This is a note to let you know that I've just added the patch titled

    testing/selftests/mm: add soft-dirty merge self-test

to the 6.18-stable tree which can be found at:
    http://www.kernel.org/git/?p=linux/kernel/git/stable/stable-queue.git;a=summary

The filename of the patch is:
     testing-selftests-mm-add-soft-dirty-merge-self-test.patch
and it can be found in the queue-6.18 subdirectory.

If you, or anyone else, feels it should not be added to the stable tree,
please let <stable@vger.kernel.org> know about it.
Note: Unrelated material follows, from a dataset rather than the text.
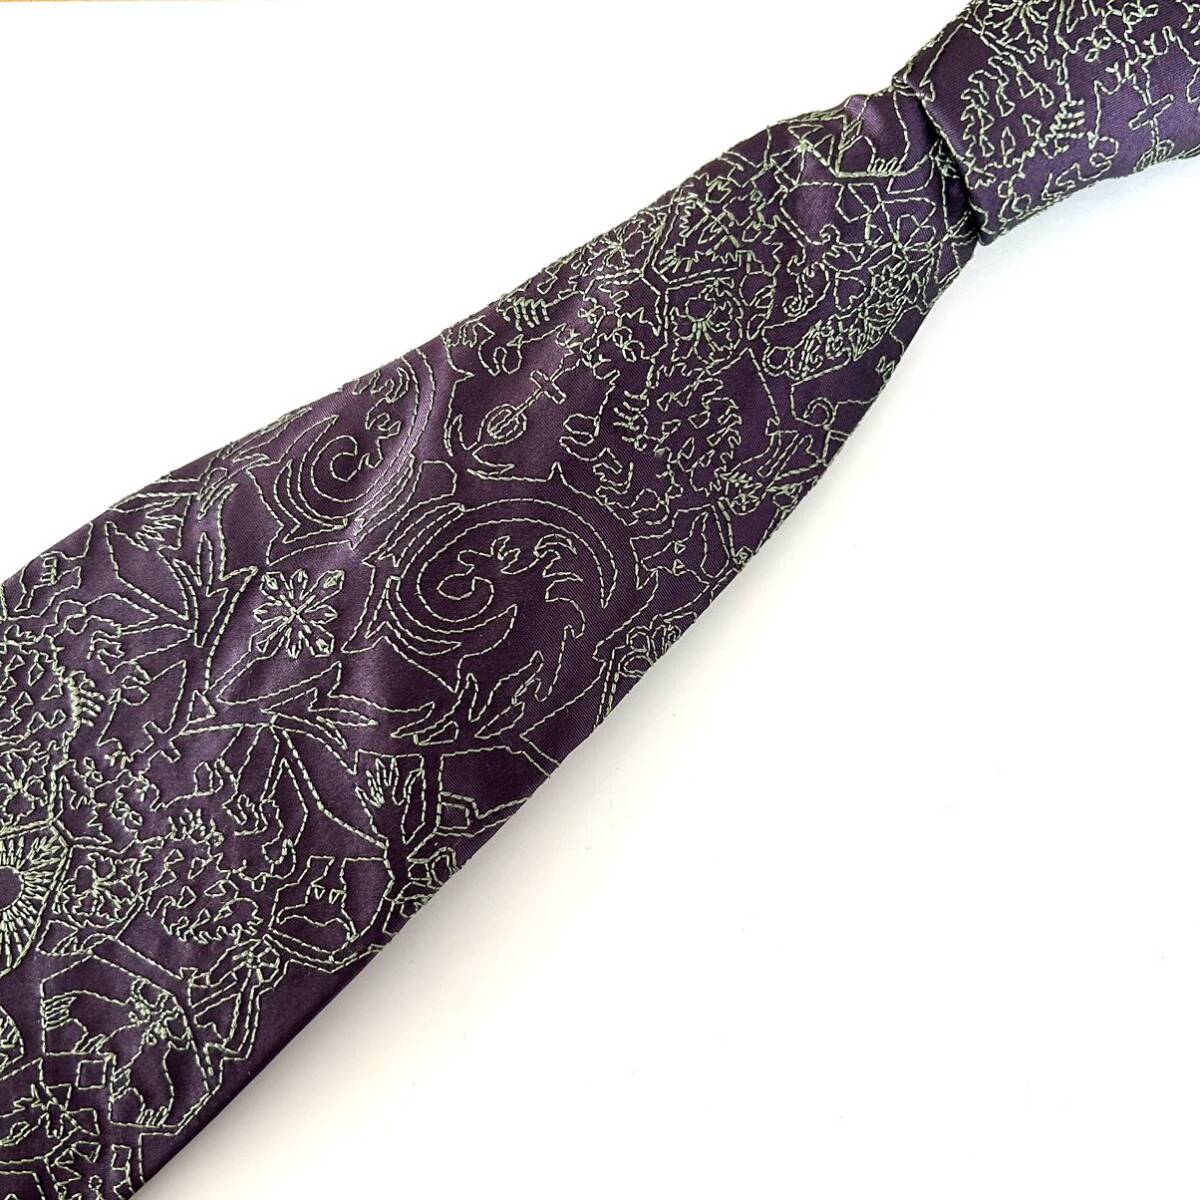 クリスチャンラクロワ 総刺繍 ネクタイ イタリア製 シルク

From stable+bounces-247756-greg=kroah.com@vger.kernel.org Fri May 15 14:06:06 2026
From: Ahmed Elaidy <elaidya225@gmail.com>
Date: Fri, 15 May 2026 15:42:19 +0300
Subject: testing/selftests/mm: add soft-dirty merge self-test
To: stable@vger.kernel.org
Cc: linux-mm@kvack.org, akpm@linux-foundation.org, ljs@kernel.org, avagin@gmail.com, Lorenzo Stoakes <lorenzo.stoakes@oracle.com>, "David Hildenbrand (Red Hat)" <david@kernel.org>, Jann Horn <jannh@google.com>, Liam Howlett <liam.howlett@oracle.com>, Michal Hocko <mhocko@suse.com>, Mike Rapoport <rppt@kernel.org>, Pedro Falcato <pfalcato@suse.de>, Suren Baghdasaryan <surenb@google.com>, Vlastimil Babka <vbabka@suse.cz>, Cyrill Gorcunov <gorcunov@gmail.com>, Ahmed Elaidy <elaidya225@gmail.com>
Message-ID: <20260515124218.151966-11-elaidya225@gmail.com>

From: Lorenzo Stoakes <lorenzo.stoakes@oracle.com>

commit c7ba92bcfea34f6b4afc744c3b65c8f7420fefe0 upstream.
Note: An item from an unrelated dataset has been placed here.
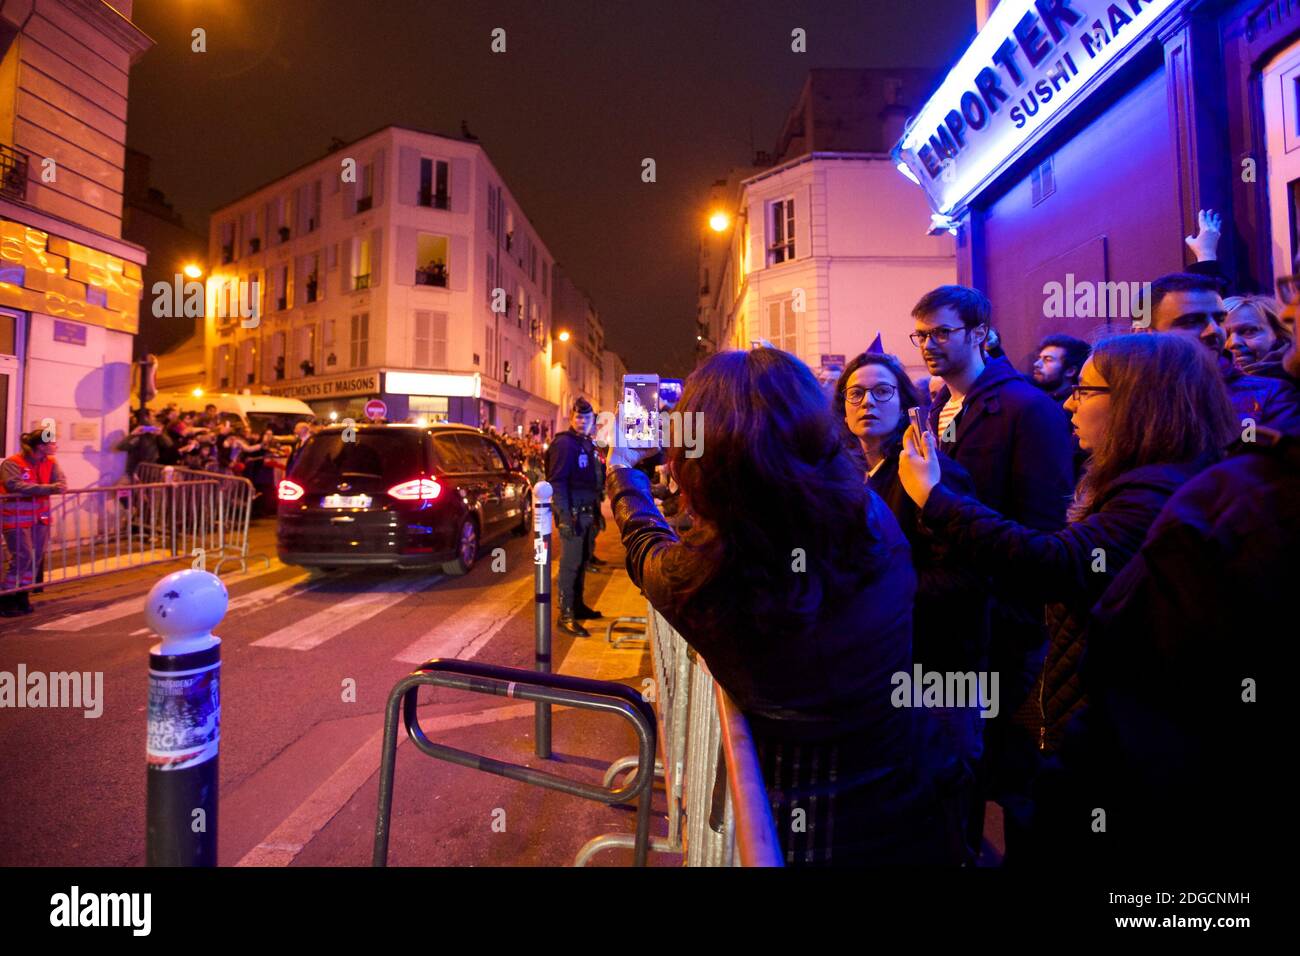 Les habitants de la rue de l'Abbe Groult et ses partisans attendent l'arrivée d'Emmanuel Macron, un espoir présidentiel, au siège de sa campagne à Paris, en France, le 7 mai 2017. Photo de Morel-fort/de russe/ABACAPRESS.COM Banque D'Images

Assert that we correctly merge VMAs containing VM_SOFTDIRTY flags now that
we correctly handle these as sticky.

In order to do so, we have to account for the fact the pagemap interface
checks soft dirty PTEs and additionally that newly merged VMAs are marked
VM_SOFTDIRTY.

We do this by using use unfaulted anon VMAs, establishing one and clearing
references on that one, before establishing another and merging the two
before checking that soft-dirty is propagated as expected.
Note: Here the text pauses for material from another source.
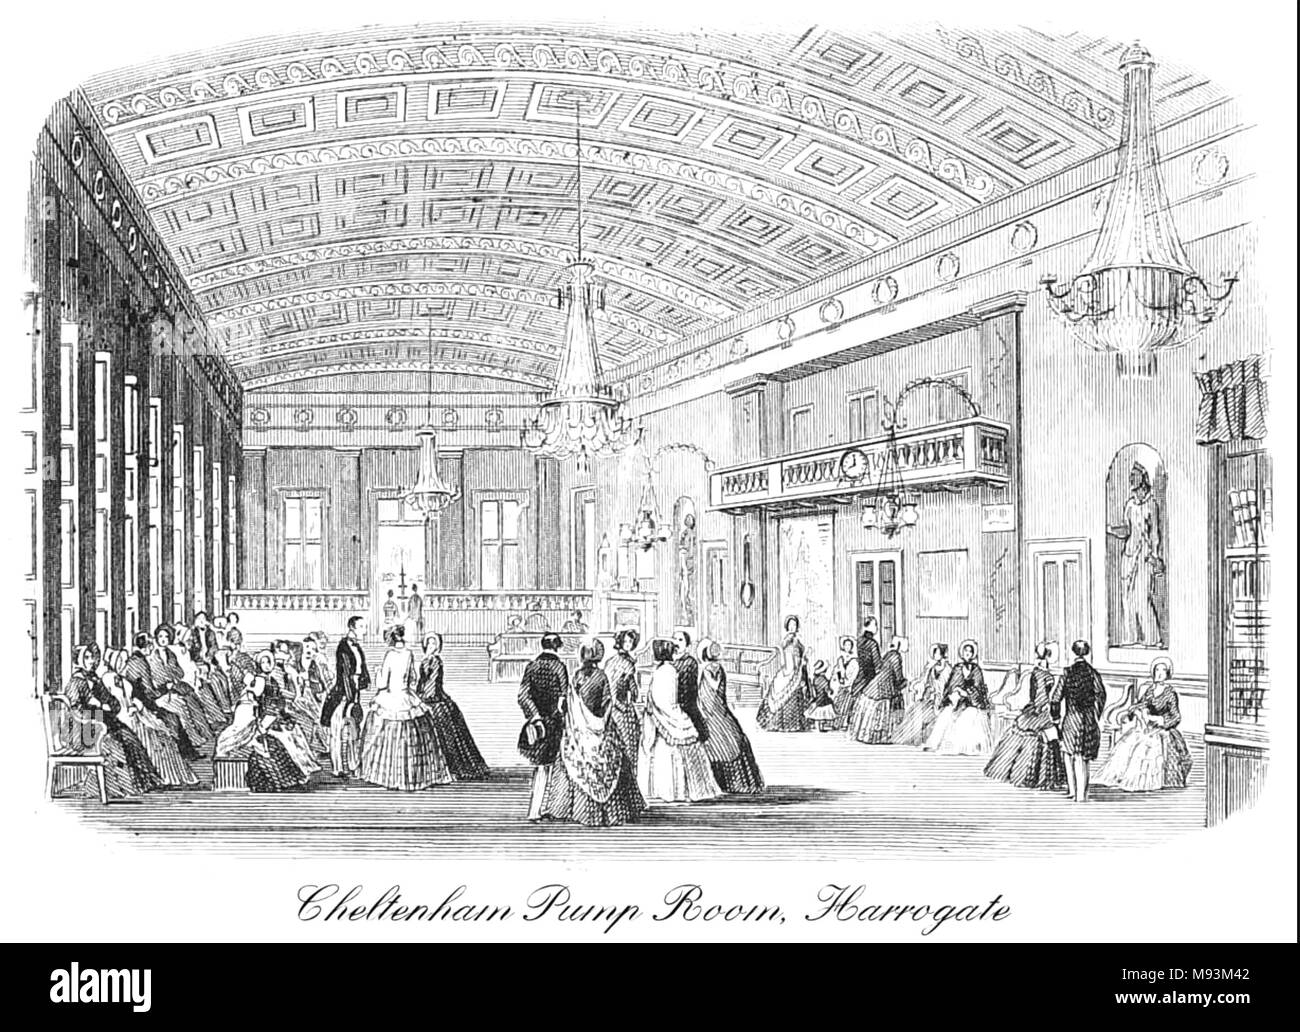 La salle des pompes de Cheltenham, Harrogate, Yorkshire, Angleterre, 1850 Banque D'Images

We check that this functions correctly with mremap() and mprotect() as
sample cases, because VMA merge of adjacent newly mapped VMAs will
automatically be made soft-dirty due to existing logic which does so.

We are therefore exercising other means of merging VMAs.

Link: https://lkml.kernel.org/r/d5a0f735783fb4f30a604f570ede02ccc5e29be9.1763399675.git.ljs@kernel.org
Signed-off-by: Lorenzo Stoakes <ljs@kernel.org>
Cc: Andrey Vagin <avagin@gmail.com>
Cc: David Hildenbrand (Red Hat) <david@kernel.org>
Cc: Jann Horn <jannh@google.com>
Cc: Liam Howlett <liam.howlett@oracle.com>
Cc: Michal Hocko <mhocko@suse.com>
Cc: Mike Rapoport <rppt@kernel.org>
Cc: Pedro Falcato <pfalcato@suse.de>
Cc: Suren Baghdasaryan <surenb@google.com>
Cc: Vlastimil Babka <vbabka@suse.cz>
Cc: Cyrill Gorcunov <gorcunov@gmail.com>
Signed-off-by: Andrew Morton <akpm@linux-foundation.org>
Signed-off-by: Ahmed Elaidy <elaidya225@gmail.com>
Signed-off-by: Greg Kroah-Hartman <gregkh@linuxfoundation.org>
---
 tools/testing/selftests/mm/soft-dirty.c |  127 +++++++++++++++++++++++++++++++-
 1 file changed, 126 insertions(+), 1 deletion(-)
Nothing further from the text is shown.